▶ _DATA SUPPLIED_
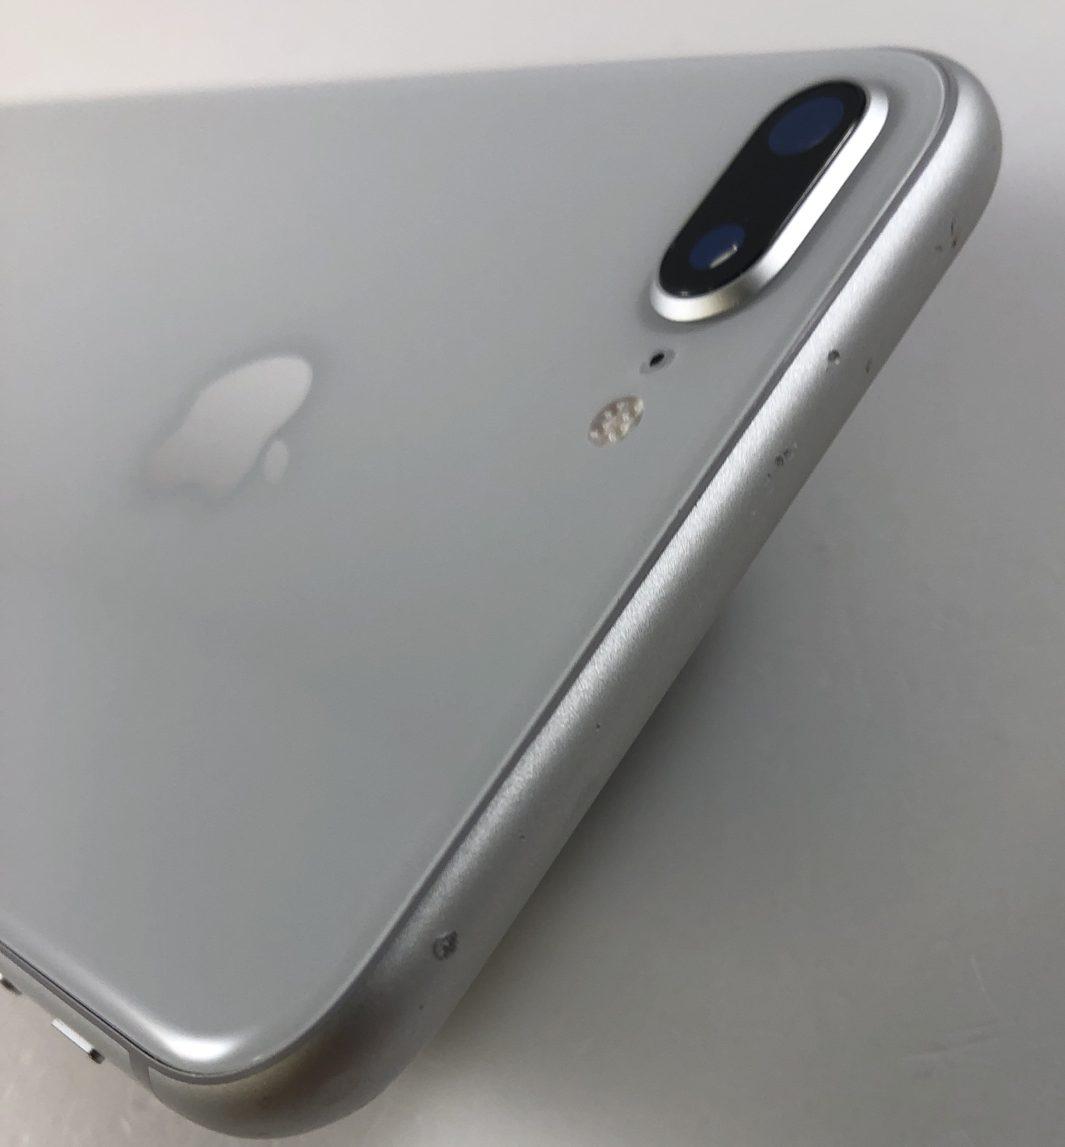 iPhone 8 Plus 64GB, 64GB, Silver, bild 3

...

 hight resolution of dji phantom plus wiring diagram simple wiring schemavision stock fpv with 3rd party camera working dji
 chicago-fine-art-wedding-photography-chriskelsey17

* * *

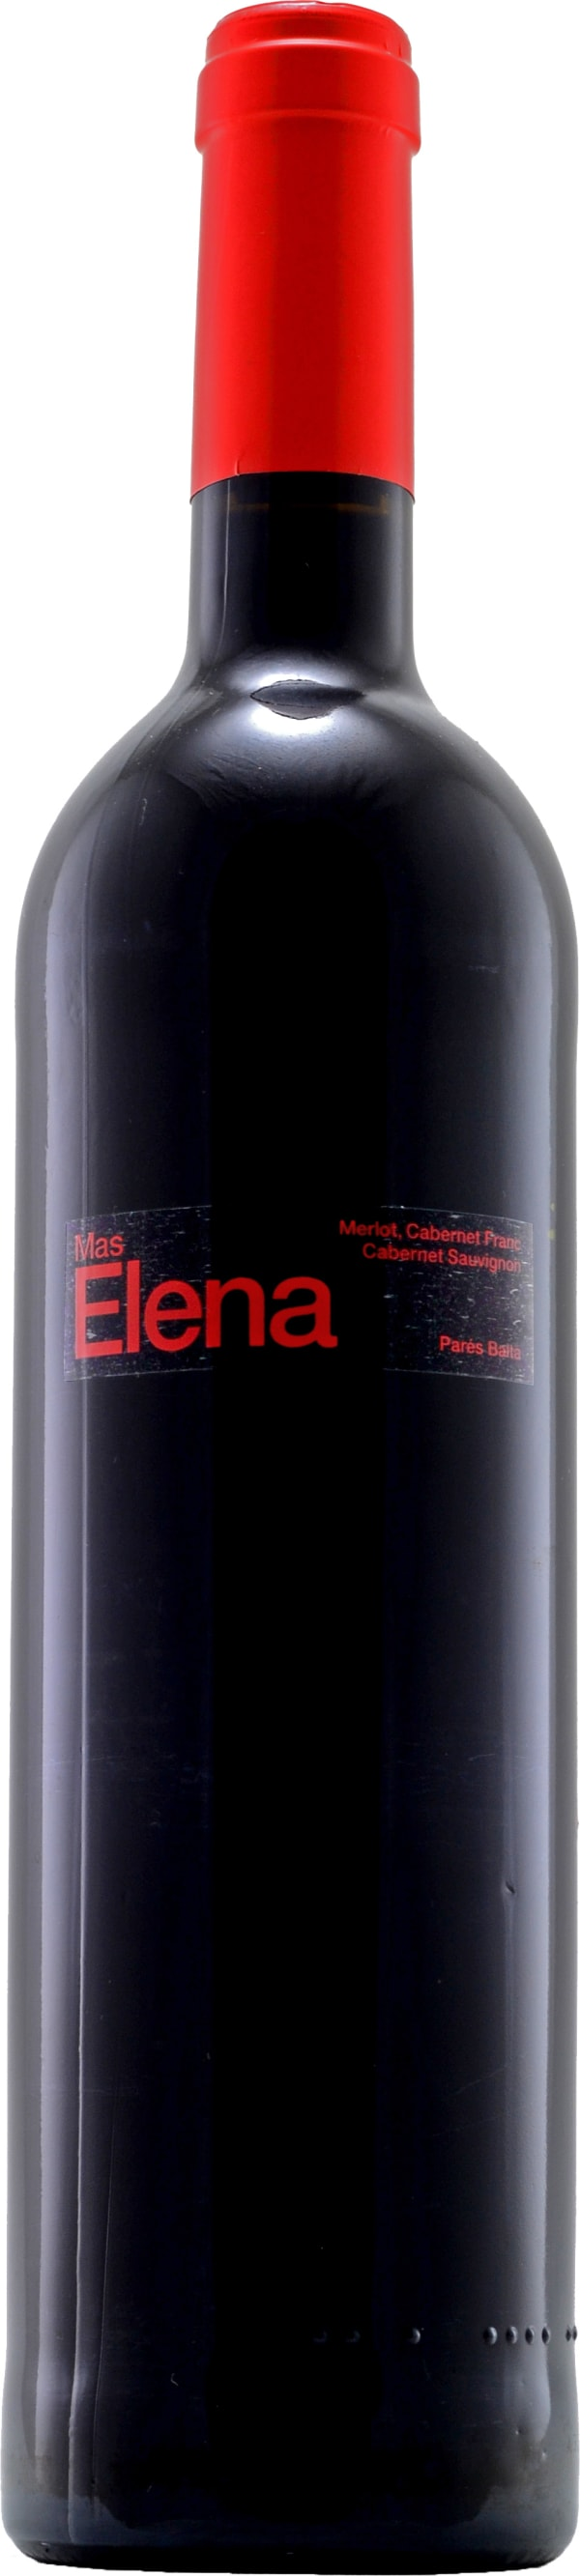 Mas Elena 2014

▶ _WORK INSTRUCTIONS_
For this exercise, repeat exactly the lines of the data above from the one with "hight resolution of" down to the one with "chicago-fine-art-wedding-photography-chriskelsey17", both end lines included.

▶ _ANSWER TO THIS PROBLEM_
 hight resolution of dji phantom plus wiring diagram simple wiring schemavision stock fpv with 3rd party camera working dji
 chicago-fine-art-wedding-photography-chriskelsey17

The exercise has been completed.